One of Rebekah’s projects compared the search and streaming API results to a full, commercial dataset of tweets on the same high-volume keyword, and found significant gaps in the data. Search API results are biased to verified accounts; retweets and quoted tweets appear far more often in streaming API content; and the search API also focusses especially on tweets containing multiple hashtags. But these selection criteria are not publicly announced, and could change again at any time. And such biases matter even for smaller-scale qualitative research, because search or streaming are often used to select the most important hashtags or accounts for further manual analysis.

Further, the quality of datasets is also affected by data decay.

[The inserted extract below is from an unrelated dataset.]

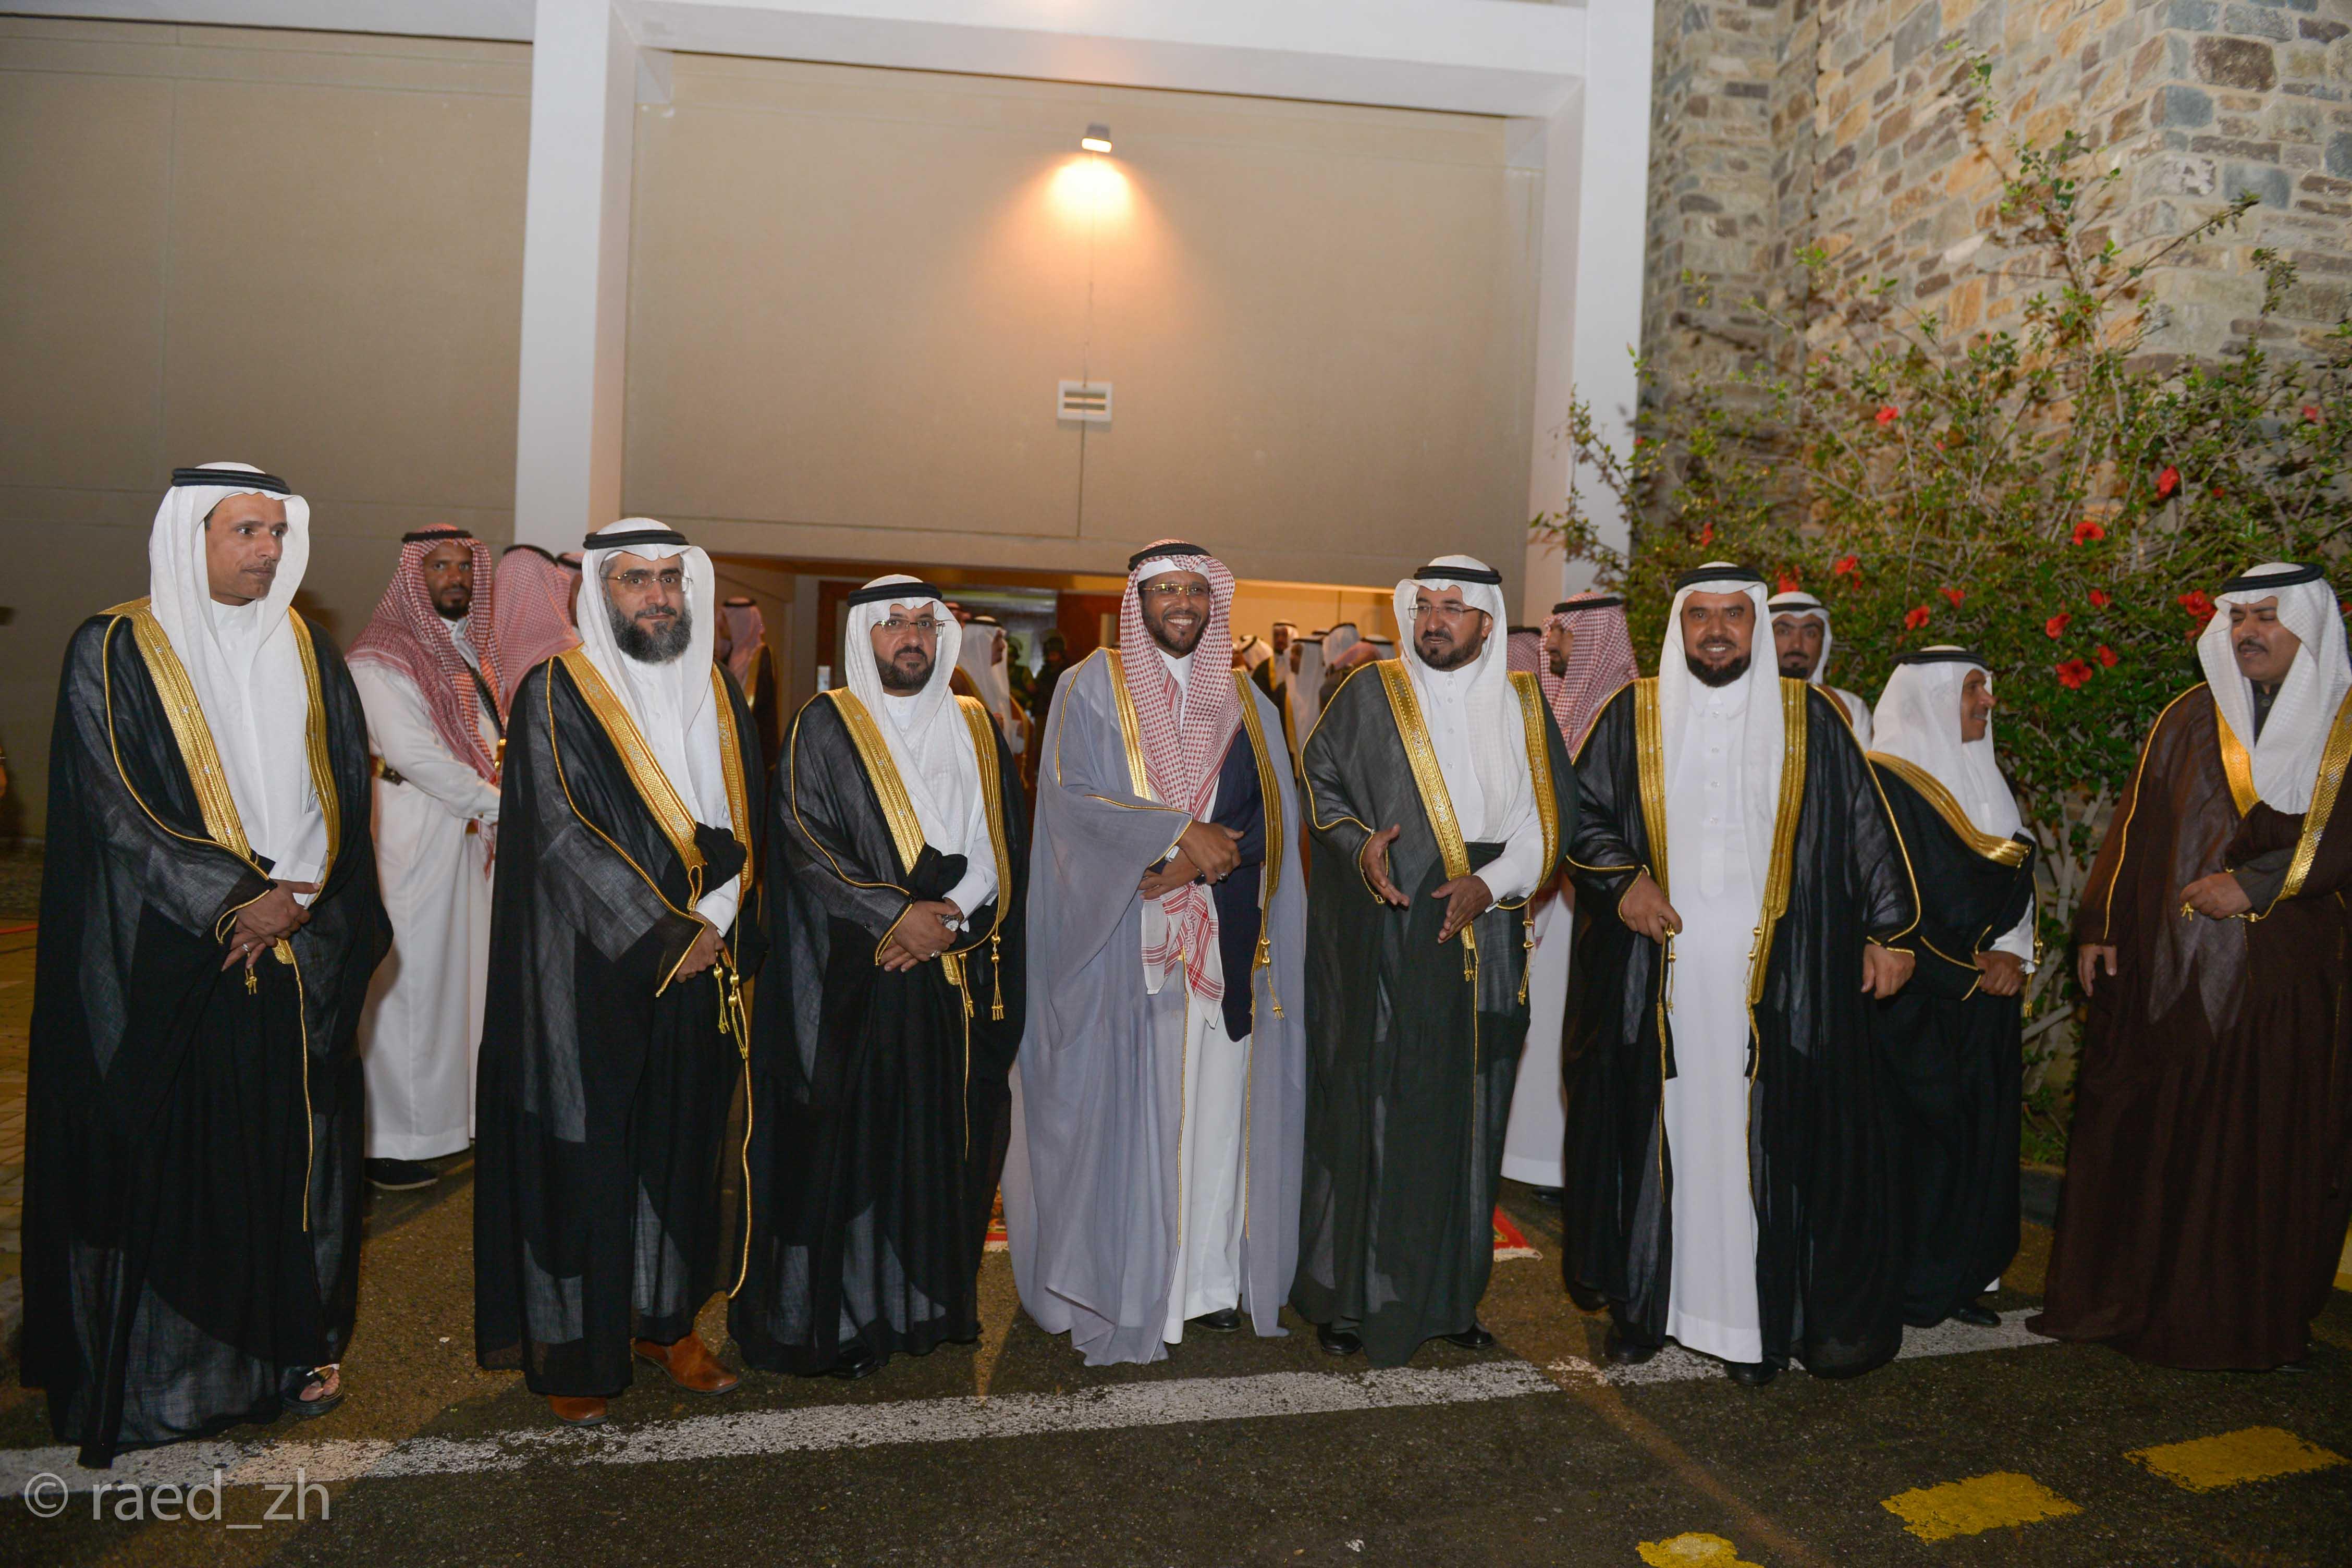 امير الباحة يرعى تخريج الدفعة العاشرة من طلاب وطالبات جامعة الباحة (3)

Data gathered after a period of several months decay considerably as tweets or whole accounts are deleted; from a network analysis perspective, for instance, this creates substantial changes to the networks observed and thereby falsifies the analysis.

Overall, then, Rebekah suggests that while the platforms are far from blameless, academics are in a similar situation. When we engage in poor scholarly practice, we also damage the work of our colleagues; we affect those we study; and we do a disservice to the general public. This means we need better standards of practice for data, including production, sharing, and reproduction (and this goes for quantitative, qualitative, and mixed-methods work). Most generally, we need to think more critically about the seemingly benign datasets we work with, and about the long-term consequences of this work.

Most centrally, this means focussing more strongly on the public interest in our research questions; being more thoughtful about the key concepts we employ; and acknowledging the imperfections in our data.